Breast cancer is the most prevalent form of cancer in the world, affecting one in eight women over their lifetime. Since 1976 when the American Cancer Society endorsed mammography X-rays, the technique - along with a tissue biopsy - has become the standard way for doctors to check patients for breast cancer. But mammography is not 100% accurate and its detection can be impeded by healthy dense tissue. A tissue biopsy is also not a foolproof method. Although it can reveal information about the tumor, it has limitations. Doctors can sample only a small area and may fail to capture the full extent of the tumor. A tissue biopsy is also invasive and painful. Combined, the drawbacks for diagnosis with mammograms and tissue biopsies mean some patients are not diagnosed until the cancer has grown and spread. Now, scientists have found indications that a special blood test called a liquid biopsy could determine whether a patient has breast cancer at its early stage and if that cancer is unlikely to return.
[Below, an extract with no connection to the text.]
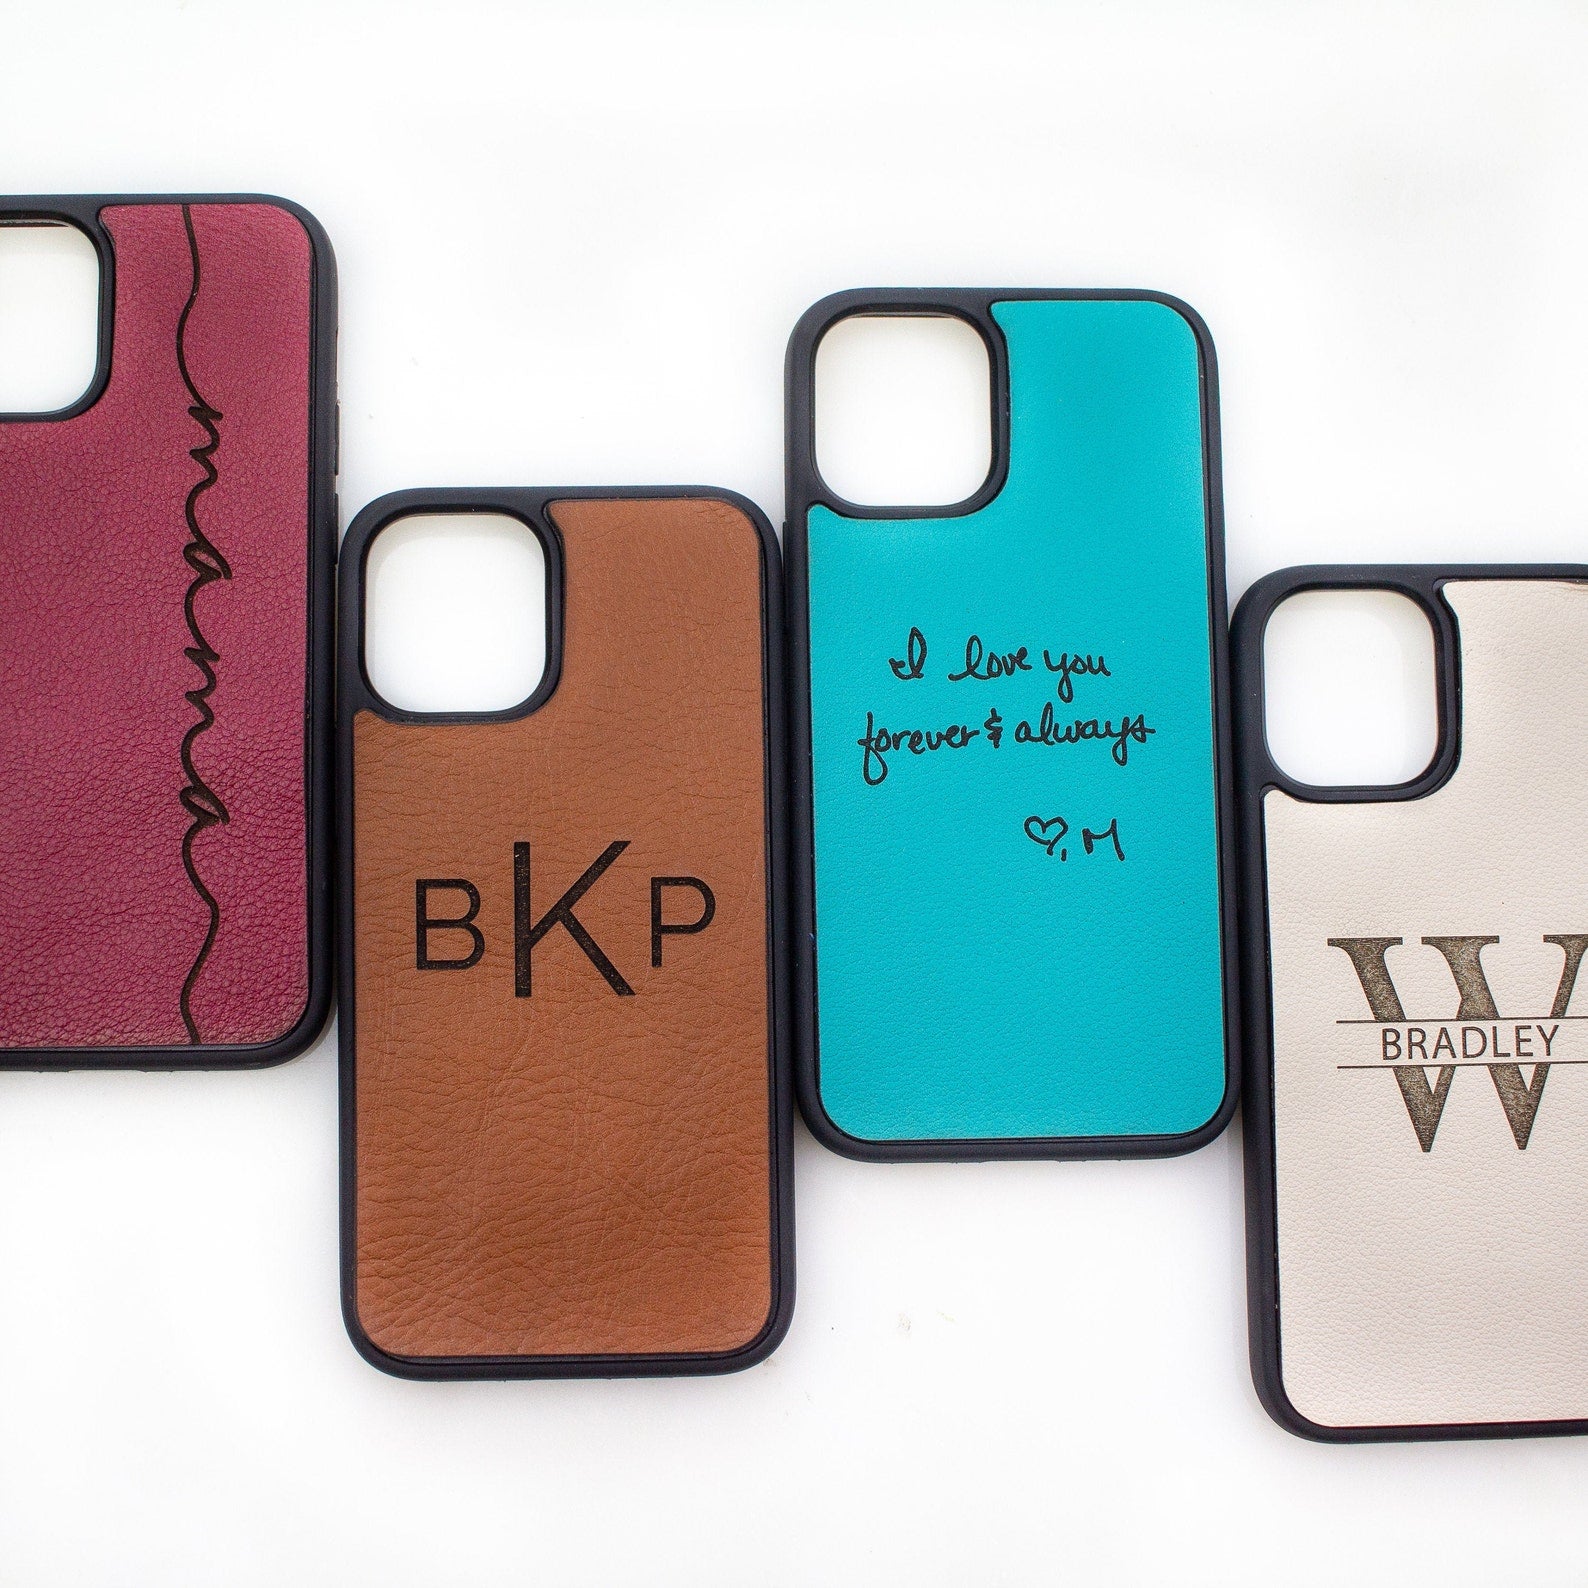 Leather Phone Cases, Iphone Case
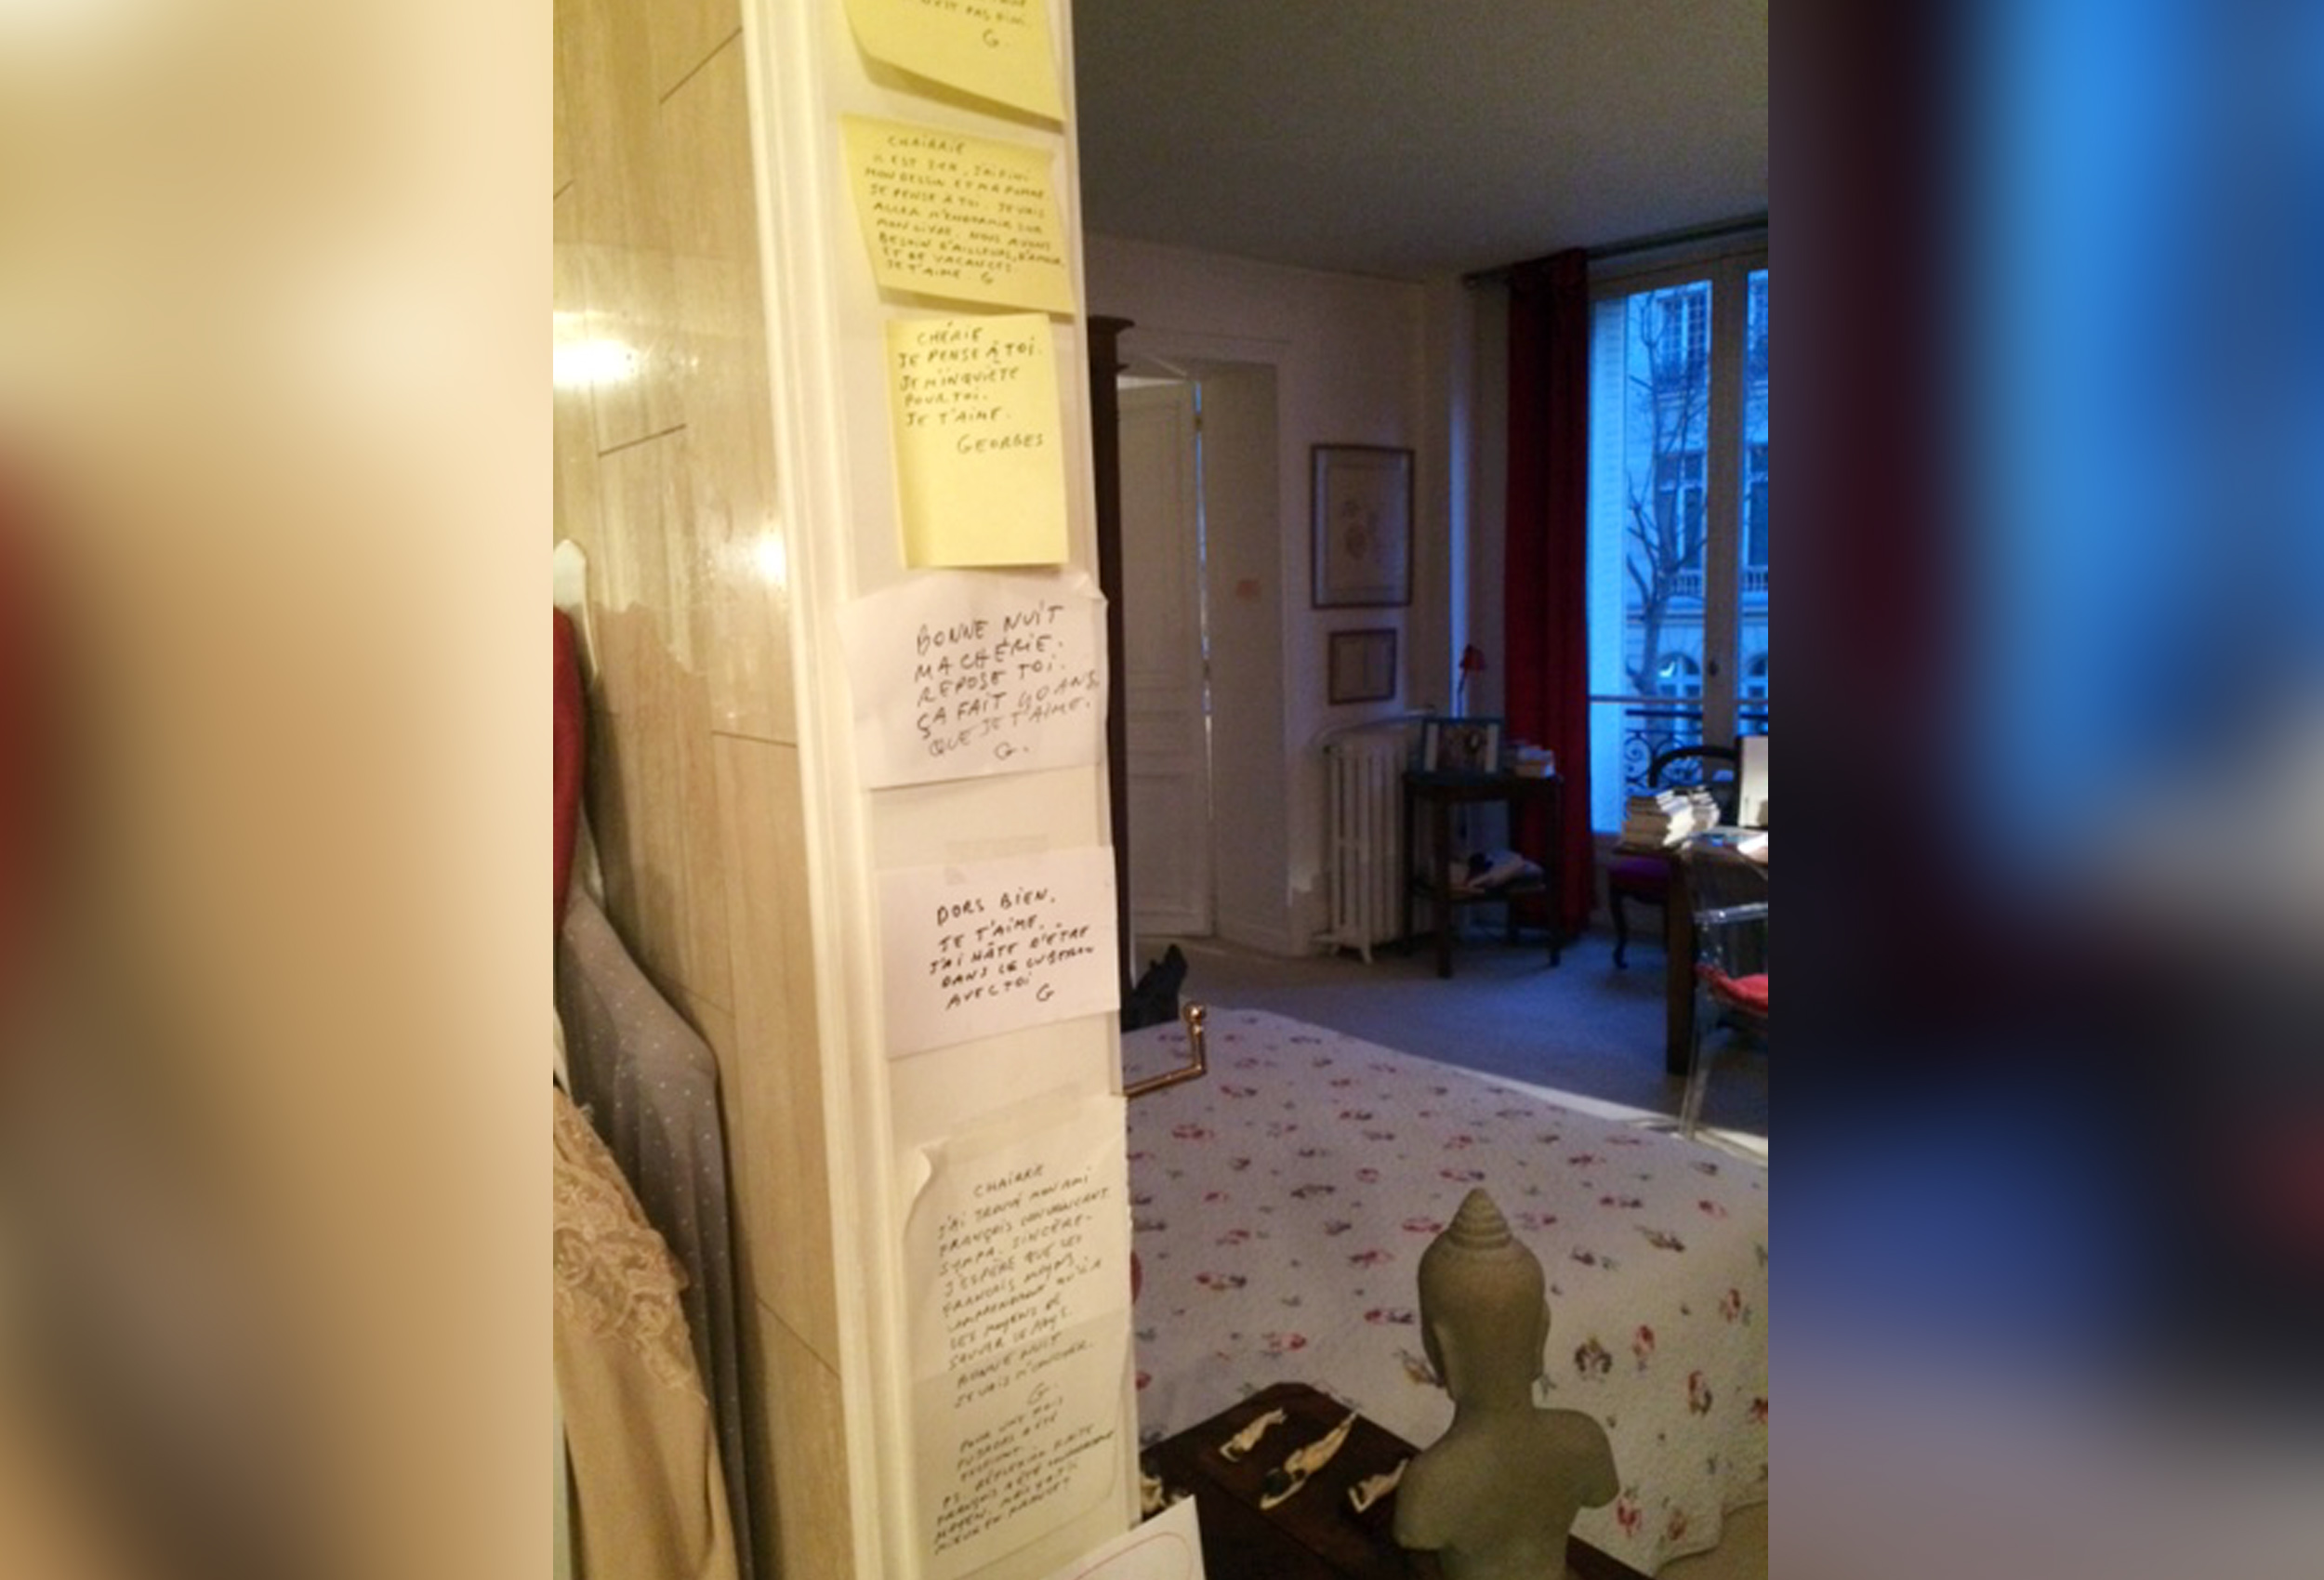 PHOTO: Hundreds of post-it notes written by Georges Wolinski are scattered through the apartment that he shared with his partner of 47 years, Maryse Wolinski, before his death in the Charlie Hebdo massacre on Jan. 7, 2015.

The high-definition comprehensive liquid biopsies are conducted using a standard blood draw from the arm of a patient in a doctor’s office. Once in the laboratory, the sample is examined for signs of cancer.
The results of the study demonstrating the liquid biopsy results for early breast cancer detection was led by led the University of Southern California (USC, Los Angeles, CA, USA) and raise hopes that one day doctors could detect breast cancer in patients with a simple blood draw. For the study, the team worked with 100 breast cancer patients - some early and some late stage - and 40 patients without breast cancer from April 2013 through January 2017. The team tested a theory that the high-definition liquid biopsy could detect multiple cancer biomarkers, including the so-called “oncosomes” - nano-sized, membraned cargo carriers that enrich the body’s environment for cancer growth. These oncosomes are secreted by cancer cells as the group has shown previously.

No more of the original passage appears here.